A federal judge last month ruled against the American Hospital Association and other hospital groups in their lawsuit against the Trump administration’s plan to require hospitals to publish the prices they charge consumers.
As a victory for consumers, that win on June 23 was short-lived as the AHA appealed the decision the next day. Then on June 30, the AHA asked federal health officials to delay the effective date of the federal hospital price transparency rule until the court case is settled.
Sarah Kliff and Margot Sanger-Katz of The New York Times wrote that the initial decision was a victory for the Trump administration, which sees pressure from patients as a way to control health costs. But at Axios, Sam Baker took a similar approach, but added an important caveat, first quoting from Judge Carl Nichols’ ruling that “The publication of charges will allow the agency to further its interest of informing patients about the cost of care, which will, in turn, advance its other interest — bringing down the cost of health care.”
Baker then added that some experts on price transparency are worried that making prices available to the public may cause hospitals and other health care providers to charge more. We covered this topic earlier in, “Will price transparency drive up health care costs?”
Regardless of what effect transparency will have on prices, it’s important to keep the issue of price transparency in perspective for several reasons, two of which I’ll cover here because they’re timely.

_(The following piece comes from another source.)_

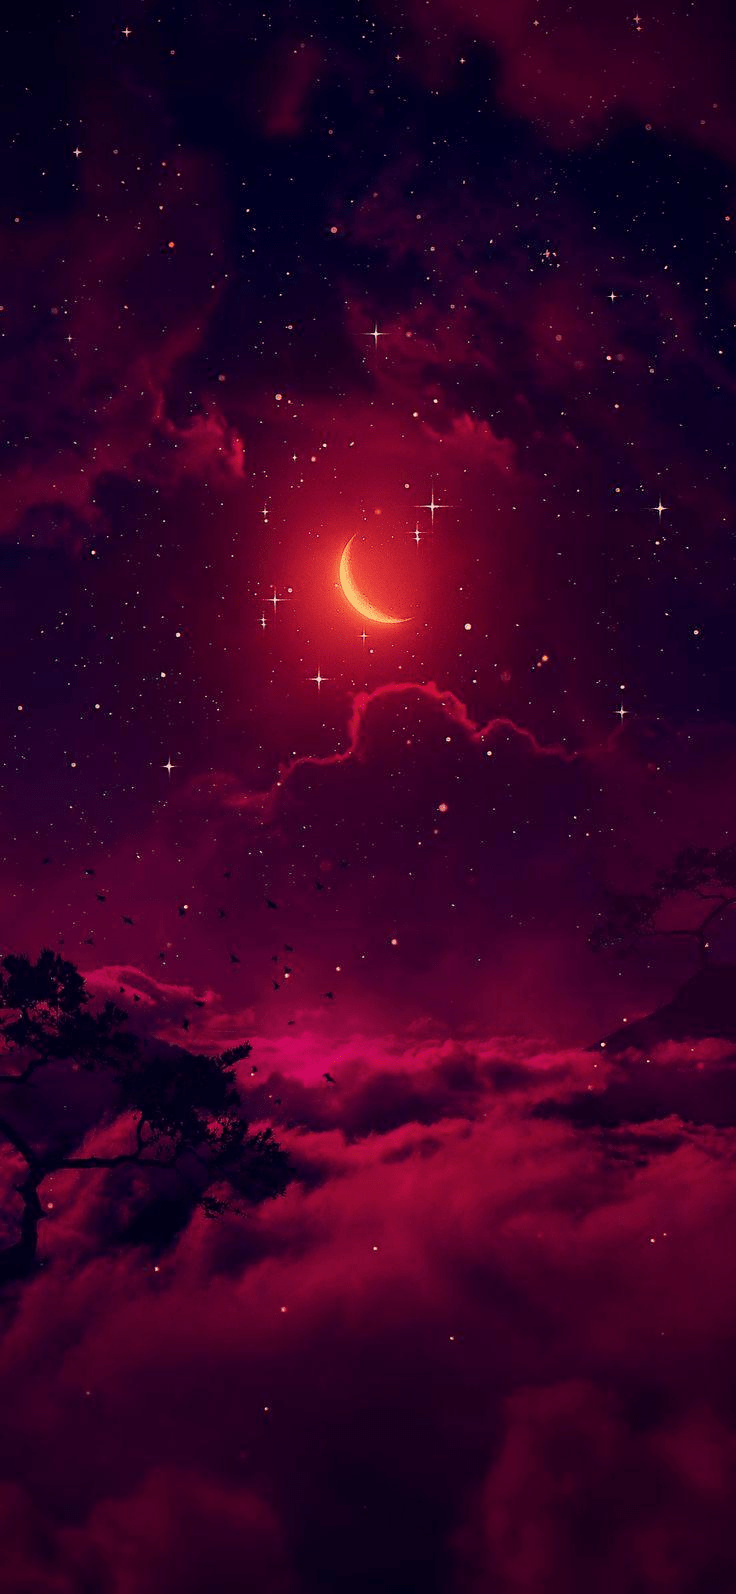 13) Crimson evening : aesthetic. Galaxy wallpaper, Pretty wallpaper background, Galaxies wallpaper

First, it may seem almost unfair during a pandemic to raise questions about what hospitals charge, what with the high cost of treating COVID-19 patients and the concurrent revenue shortfall hospitals have seen as they have to restrict routine procedures and elective surgeries. Mark Taylor has reported on this issue for MarketWatch, as we noted in “Time to track how the pandemic is hurting health care provider finances.”
Second, while it may or may not be unfair to ask hospitals what they charge, consumers still want to shop for hospital care and other health care services with some knowledge about what that care will cost, or how the quality of that care compares with that of other providers. To help fill the gap in knowledge about hospital prices, states have been taking steps to help consumers identify hospitals and services that are shoppable. A shoppable health care service is one that is not emergent. In other words, the consumer can consider where to go to get the best price or highest level of care, or both.
Catalyst for Payment Reform, an organization that promotes employers’ efforts to control costs and improve health care quality, in May released a report card on state efforts to improve price transparency. CPR produced the report with the Source on Healthcare Price and Competition (SHPC), at the University of California Hastings College of Law. CPR released five earlier reports on state price transparency laws but hasn’t done so since 2017. This latest report is the sixth installment of the Report Card on State Price Transparency Laws. (PDF, 6.2 MB)
“The costs of the COVID-19 pandemic and a severely troubled economy reemphasize the importance of transparency,” said Suzanne Delbanco, Ph.D., CPR’s executive director.
In this most recent report, CPR and SHPC show that 16 states have passing grades (on a scale from A to F) in their efforts to make accurate and more comprehensive price information available to consumers on the web. Only seven states got passing grades in 2017. The 16 states to get passing grades this time are:
- A: Maine and New Hampshire
- B: Colorado, Connecticut, Maryland and Massachusetts
- C: Florida, Minnesota, New Mexico, Oregon and Virginia
- D: Arkansas, California, Utah, Vermont and Washington
The other 34 states got failing grades. But the fact that consumers in 16 states have access to meaningful price data is important because health plans and providers themselves keep price information mostly to themselves, leaving consumers in the dark.